#### [Task goal]
Where does the word "assault" show up in the records? Copy every line that has it.
***** Supplied data *****
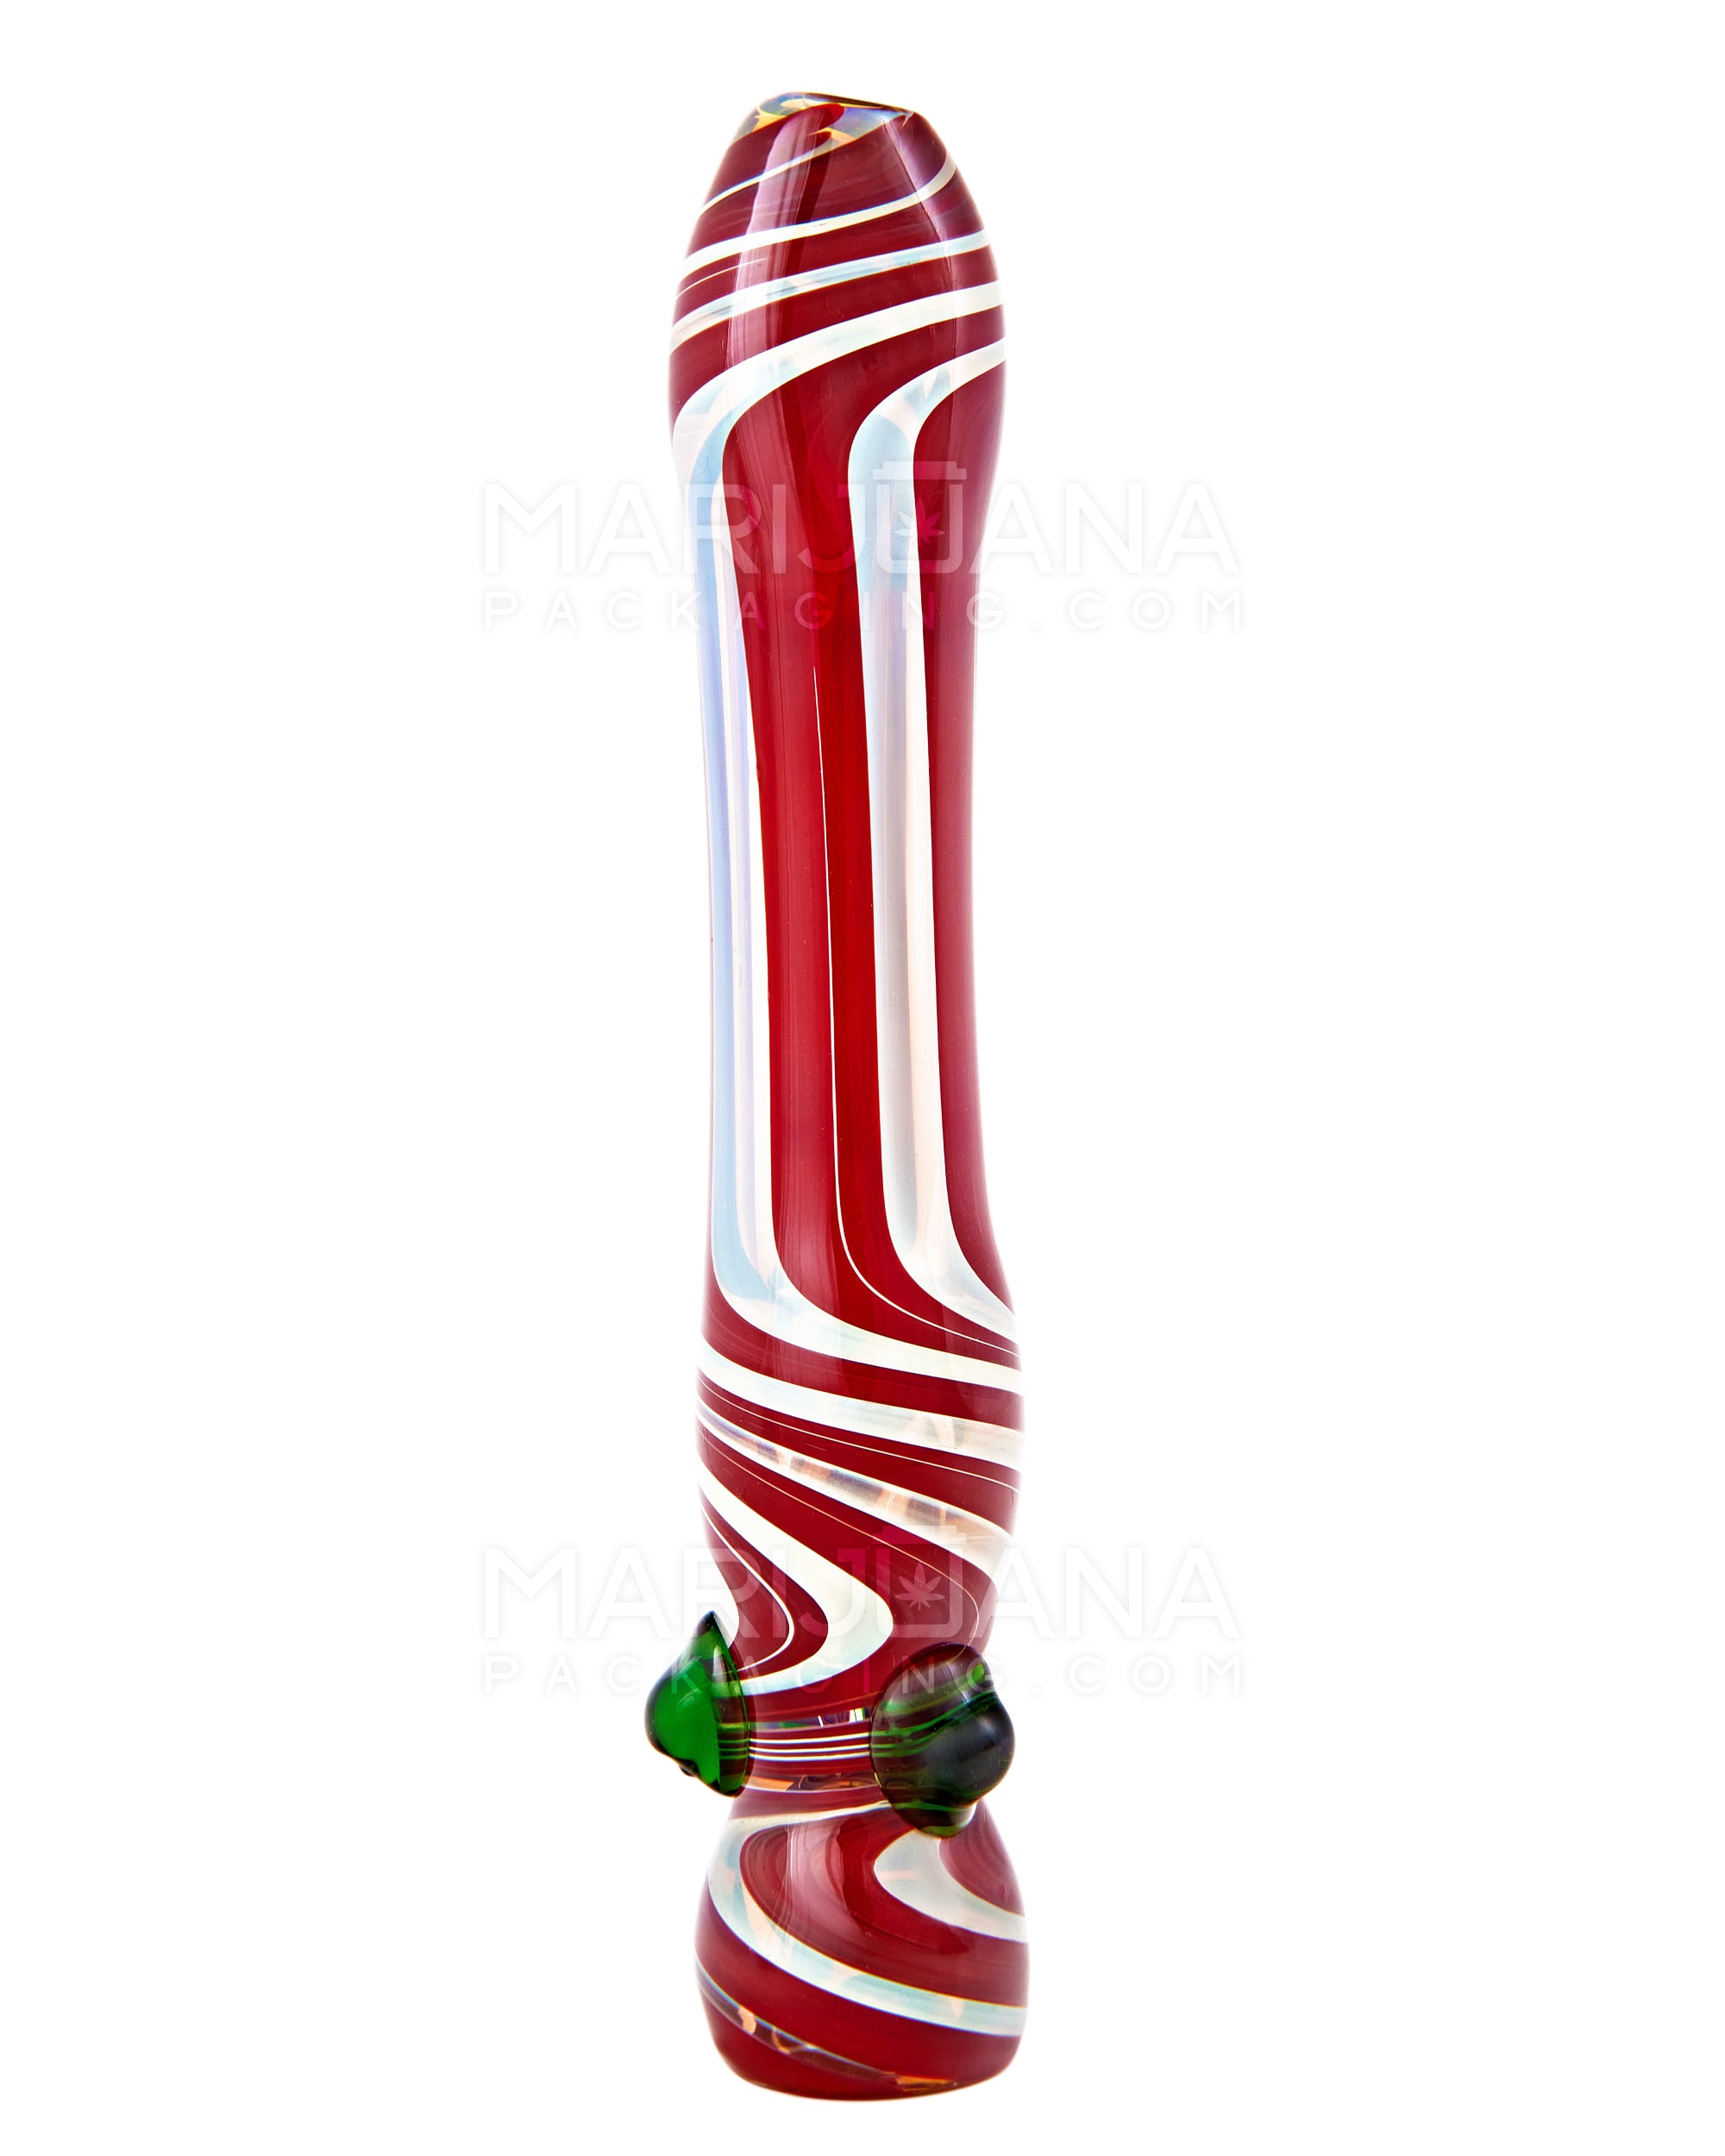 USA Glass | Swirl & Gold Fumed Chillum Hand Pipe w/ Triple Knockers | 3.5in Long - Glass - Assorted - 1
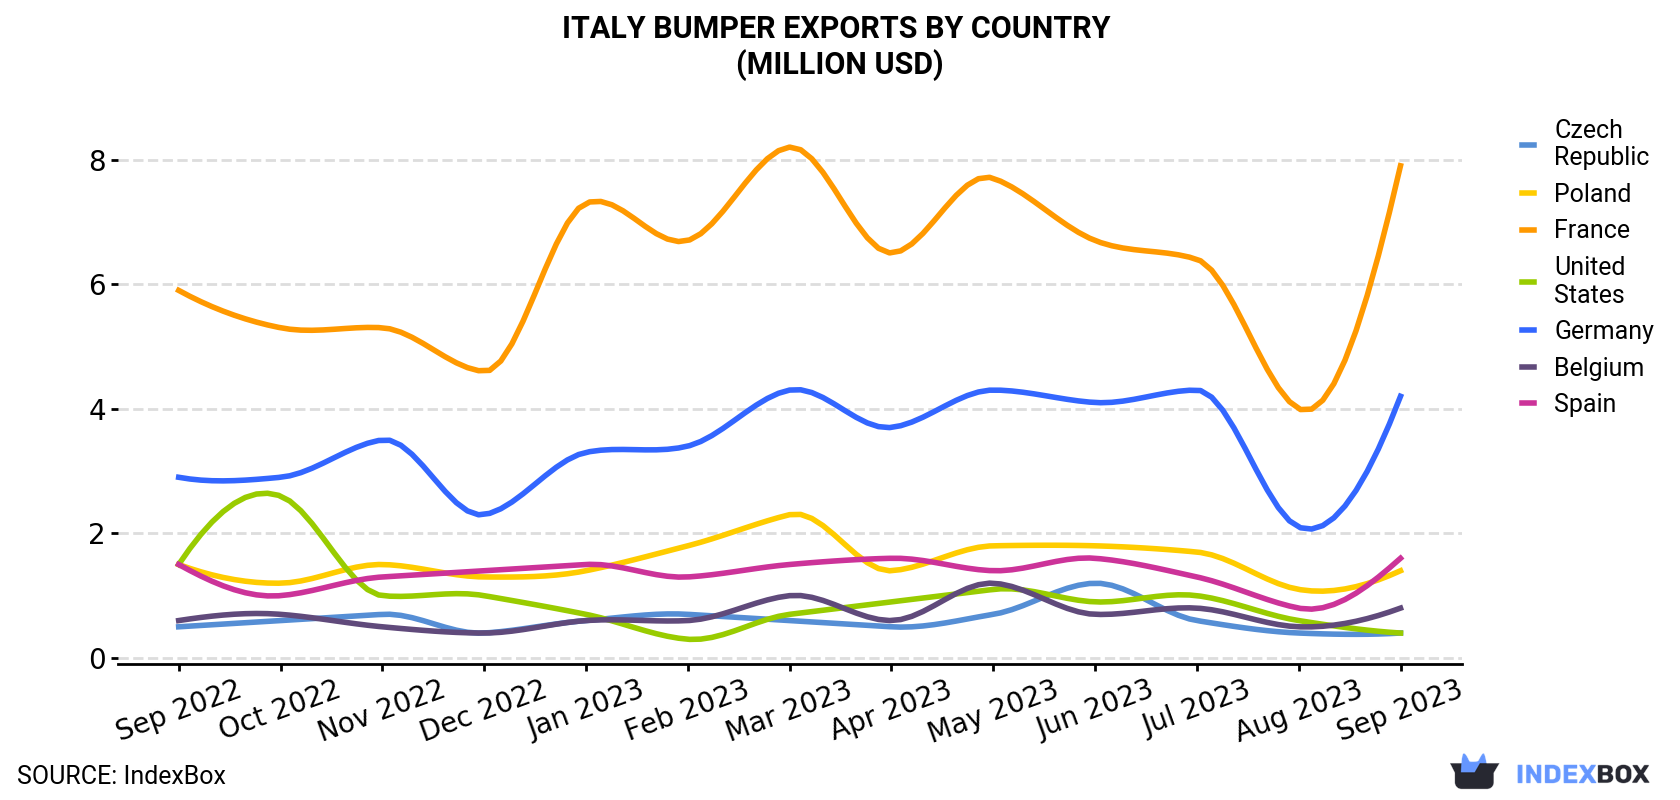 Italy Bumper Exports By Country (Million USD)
*****
***** Supplied data *****
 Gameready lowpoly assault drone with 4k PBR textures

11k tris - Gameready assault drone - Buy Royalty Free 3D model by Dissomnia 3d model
*****
***** Supplied data *****
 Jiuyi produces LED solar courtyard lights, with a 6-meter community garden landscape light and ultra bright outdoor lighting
*****
#### [Solution below]
 Gameready lowpoly assault drone with 4k PBR textures
11k tris - Gameready assault drone - Buy Royalty Free 3D model by Dissomnia 3d model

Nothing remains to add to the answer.